Шрифт:
Интервал:
Закладка:
Здесь, на побережье Адриатического моря, когда до цели посольства оставалось совсем немного, Истома расслабился. Они находились во владениях Венеции — богатейшей и могущественнейшей республики, с которой считались не только в Риме, но и во всей Европе, и даже Османская империя, это страшилище христианских держав, была вынуждена учитывать интересы небольшого по территории, но чрезвычайно влиятельного государства.
Между Поплером и Паллавичино к этому времени установился мир, хотя и непрочный, чем Истома был чрезвычайно доволен. К счастью, больше их небольшой отряд в разбойничьи засады не попадал. Но не потому, что во владениях Священной Римской империи оные были искоренены, нет! Просто он, проявляя разумную осторожность, предпочитал передвигаться только днём и преимущественно в составе то купеческого обоза, который всегда сопровождал отряд вооружённых солдат, а то и при воинском отряде, отправляющемся по каким-нибудь своим делам. А когда вооружённых попутчиков не оказывалось, двигался только там, где, по заверениям местных жителей, разбойников сроду не бывало. Добравшись до Тревизо, он был уверен, что больше посольству бояться нечего.
Успокоился и Поплер, и даже Паллавичино, оказавшись в местности, где жители говорили на его родном языке, воспрял духом и порой напевал под нос какую-то мелодичную и весёлую итальянскую песенку.
— Истома, — прервал его размышления Поплер, — слышал я, что на соснах тех, — он указал на рощу молодых пиний вдалеке, — орехи растут. Говорят, вкусные. Может, остановимся да нарвём?
— Откуда знаешь? — удивился Шевригин.
— Вчера, когда на ночлег остановились, встретил торговцев из Дрездена. Они из Рима возвращались. Говорил с ними много. И про орехи эти рассказали.
— Кто мы, куда и зачем едем, не спрашивали? — нахмурился Истома.
— Спрашивали.
— Что сказал?
— По торговым делам в Венецию.
— Хорошо.
Паллавичино, услышав их разговор, подъехал к Шевригину:
— Да, очень вкусные орехи.
Истома задумался.
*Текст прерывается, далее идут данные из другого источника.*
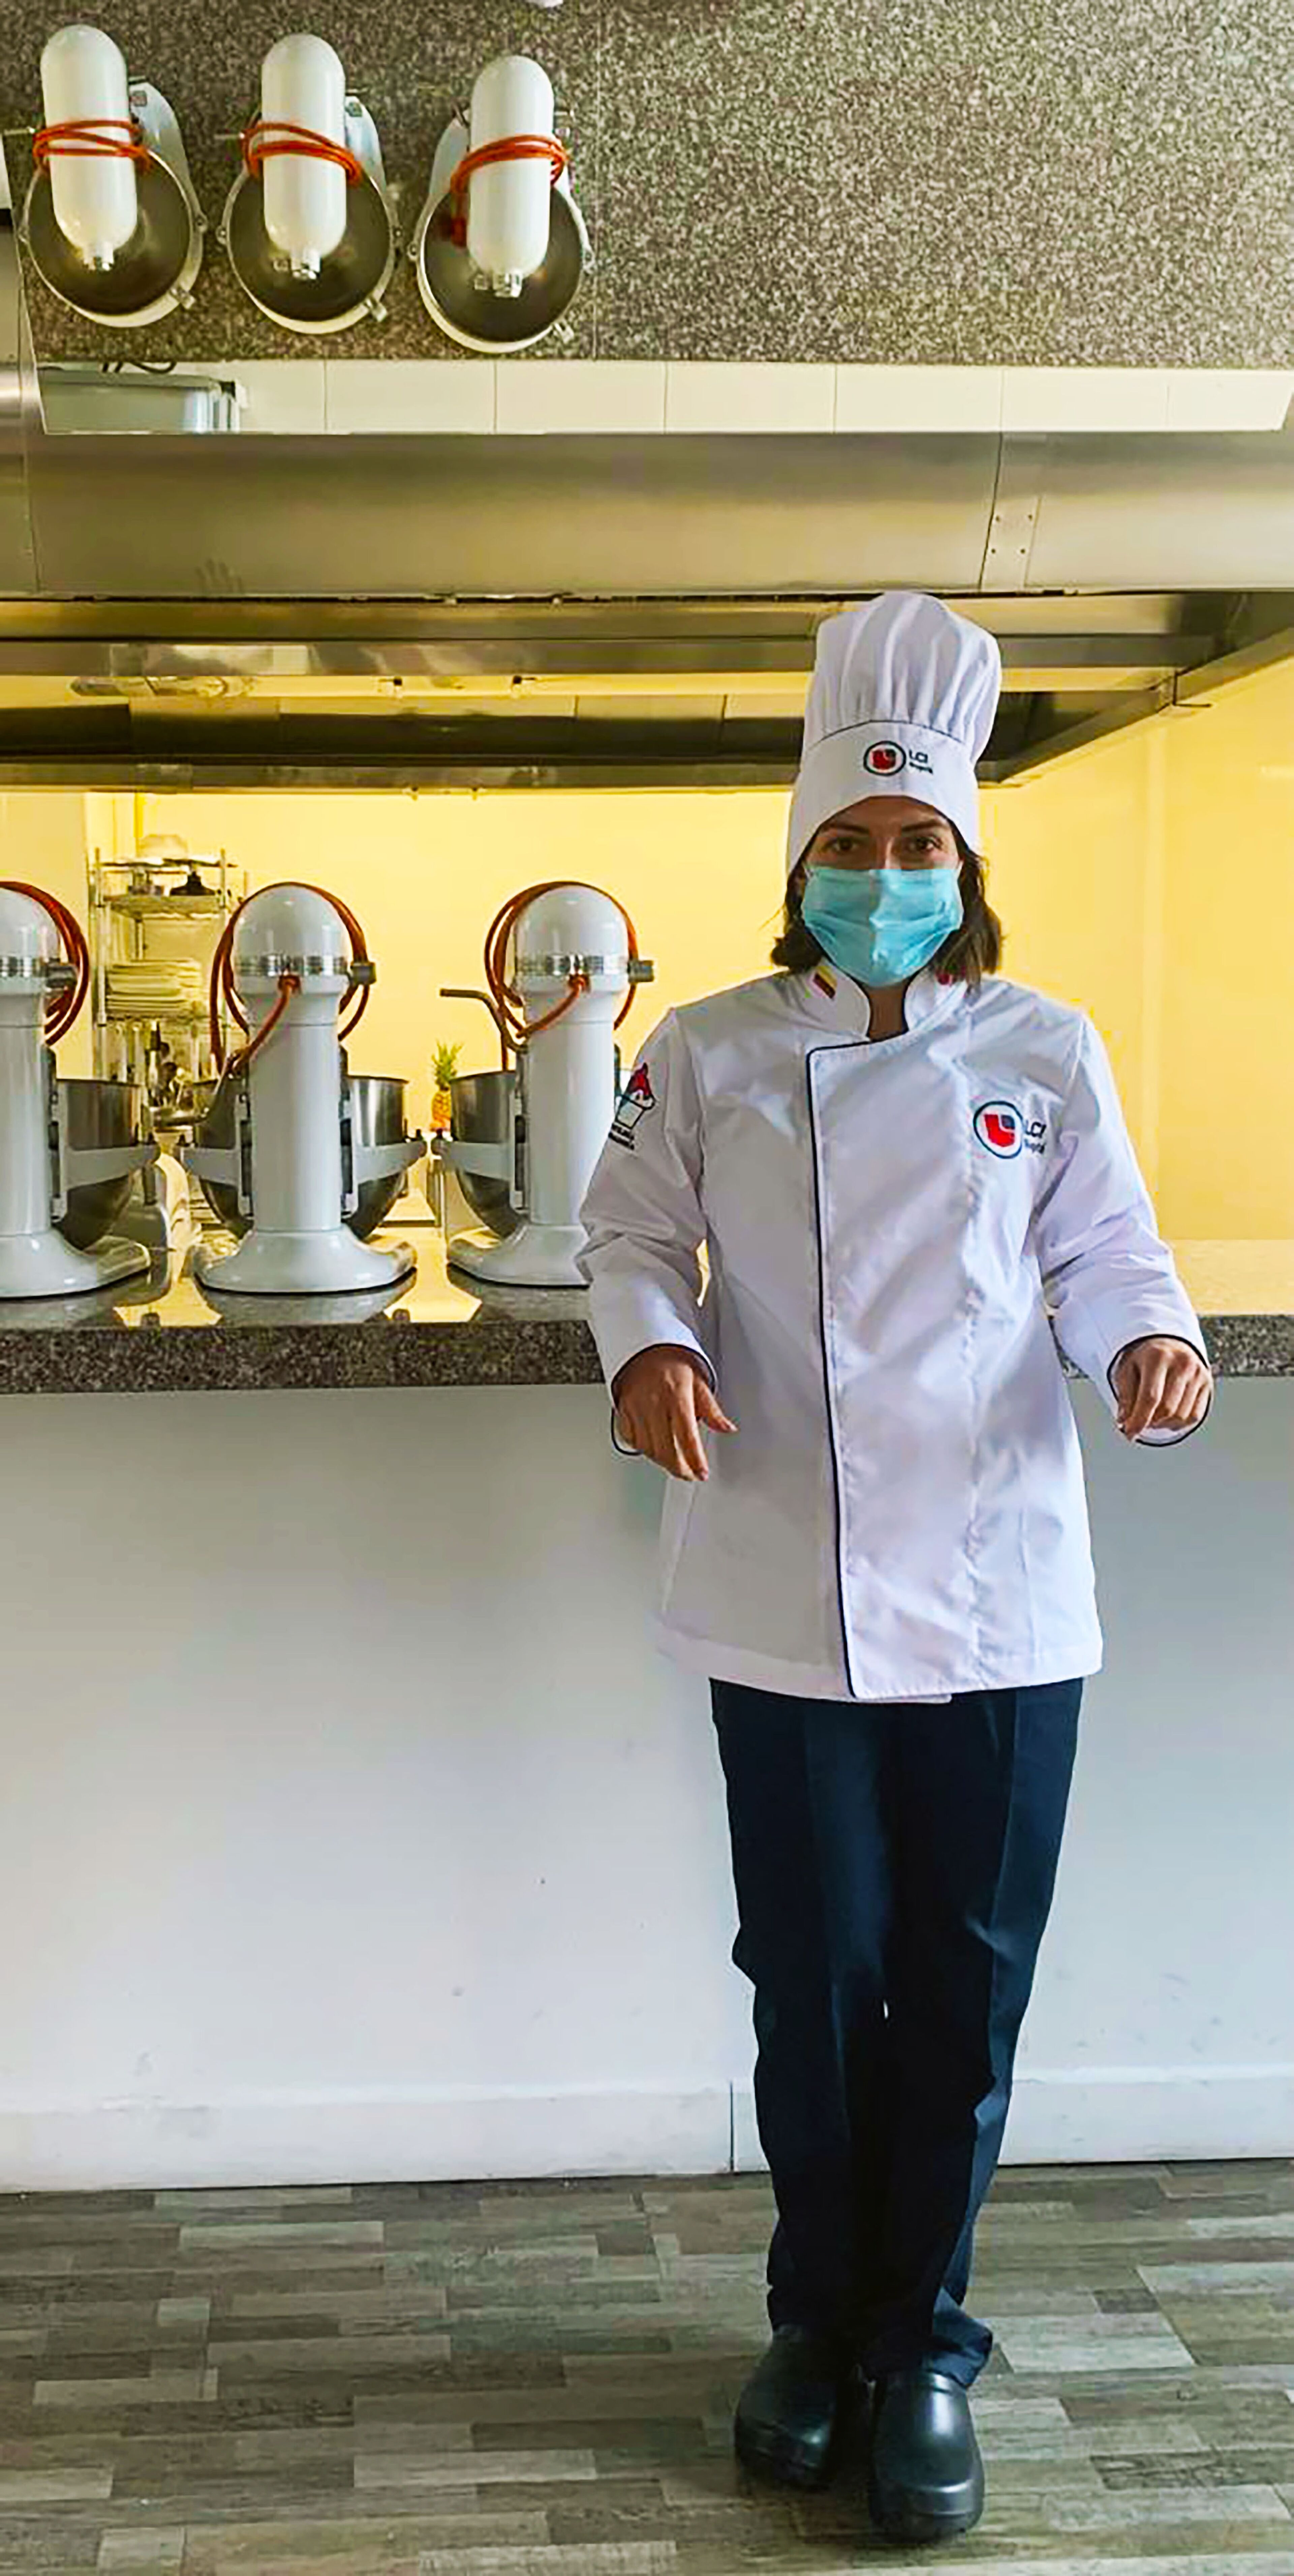 Un(a) chef profesional en uniforme blanco y gorro se encuentra en una cocina comercial, llevando mascarilla por seguridad sanitaria.

До Рима осталось недели три неспешного конного хода. Вряд ли во владениях Венеции можно ждать нападения. А потом начнутся земли римского папы… Может, и правда остановиться на короткое время?
Он огляделся. Вокруг всё тихо. Лишь со стороны моря доносился негромкий шум прибоя. Даже дождь закончился и ветер стих. И в самом деле — что там за орехи такие на этих похожих на грибы соснах?
— Купец залезет на дерево да шишки вниз посбрасывает, — настаивал Поплер, — он ловкий — вон как на коне резво скачет. Надолго не задержимся.
Паллавичино не обратил внимания на неприятный для него намёк немца:
— В детстве мне часто доводилось влезать на самые высокие пинии, чтобы полакомиться вкусными орешками. Я поднимусь и сброшу, сколько будет надо.
Он, кажется, пытался хоть таким образом загладить свою вину за не самое лучшее поведение при встрече с разбойниками.
— Хорошо! — кивнул Истома. — Скачем к той роще.
И он указал плёткой в сторону пиний в полуверсте от них… Спустя несколько минут они гарцевали среди редко стоящих сосен, выбирая, на какую из них лезть за шишками. Поплер вопросительно посмотрел на Истому, а тот — на итальянца.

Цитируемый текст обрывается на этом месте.